Since the land exercise Zimbabwe has been importing food from
South Africa and neighbouring countries due to poor farming methods employed by
the new farmers, coupled with erratic rains.
Late last year MDC-T shadow finance minister Tendai Biti said the problems facing the
country cannot be patched up overnight and that the situation is set to worsen
on the back of an under-funded agricultural season.
“I have move around the country and there has not been much
in terms of land preparation, it means we are going to experience food deficit,
agriculture has been underfunded, inputs distributed under the presidential
scheme are too little and banks have only lent less than US$200million.
“Economic indicators show that there will be a
serious shrink of 23 percent in the agricultural sector, 32 percent in mining
while the economy will grow by between 1.5 percent to 1.8 percent next year,”
said Biti.
Capacity utilisation is said to have deteriorated to below 39
percent owing to a cocktail of challenges chief among them expensive but
unreliable water and power supplies, lack of spare parts and unavailability of
cheap funds for recapitalisation.
The situation has also resulted in retrenchments
of at least 300 workers per week with many companies downsizing or folding
operations.
Seasoned market watchers Tetrad Securities said
the situation is not health and requires immediate attention.
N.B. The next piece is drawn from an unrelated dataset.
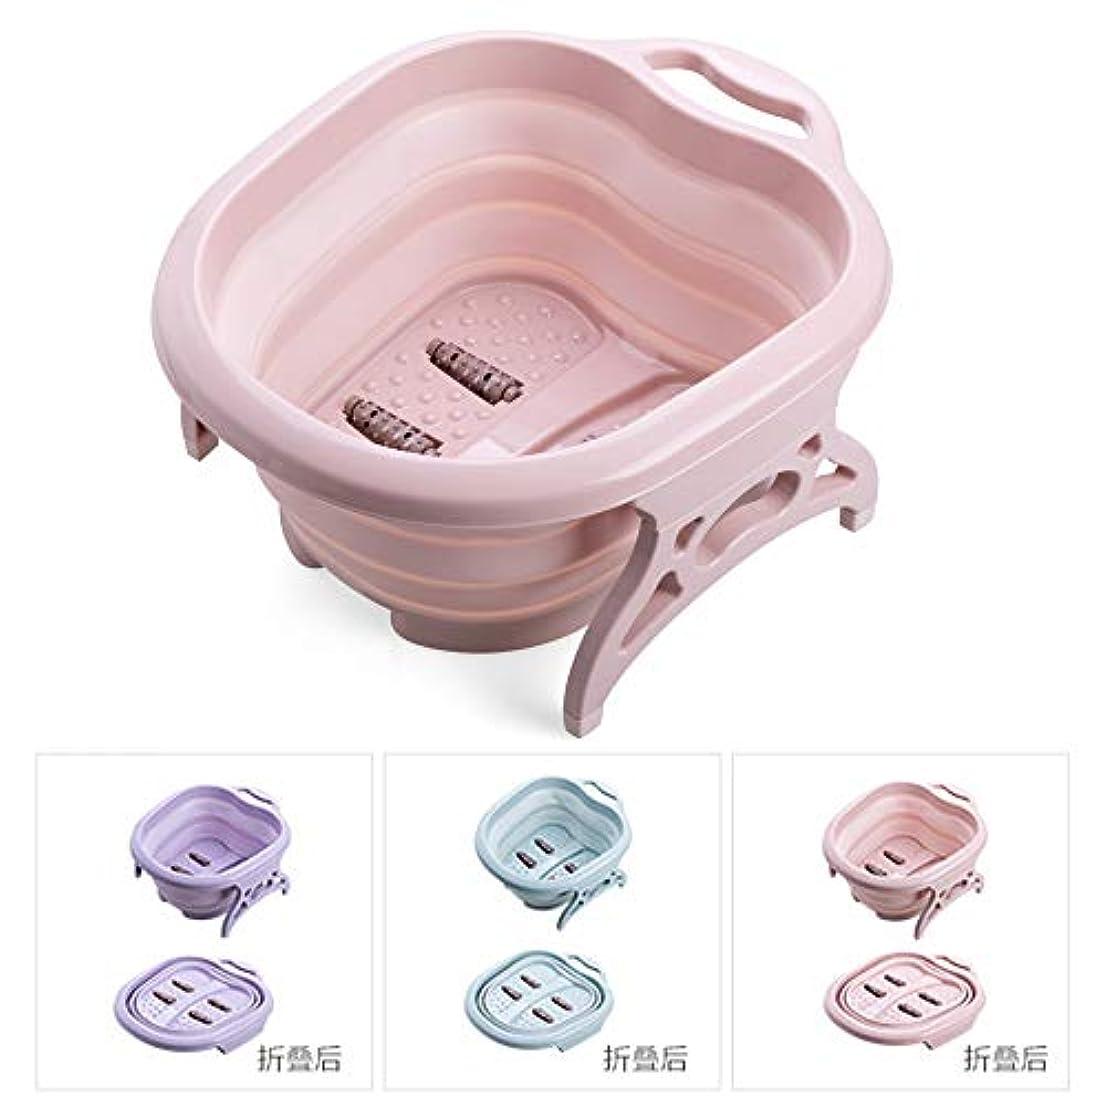 ワークショップ減るオーケストラ[Shinepine] 足湯 折りたたみ バブルフットバス マッサージ 折り畳み可 足浴器 足の冷え対策 持ち運び楽々 ピンク(Pink)

“Solutions are also needed for the widening trade deficit. We
remain a net importer owing to capacity constraints in industry. The further 25
percent increase in the deficit to US$3.77billion shows that the situation
continues to deteriorate which is not healthy.
“Furthermore, the deficit was mainly affected by
the low exports that have been recorded this year. Value from exports was low
owing to softening global commodity prices but what is worrying is the fact that
production in most minerals has remained very low due to funding issues and
this has made Zimbabwe extremely vulnerable,” said Tetrad.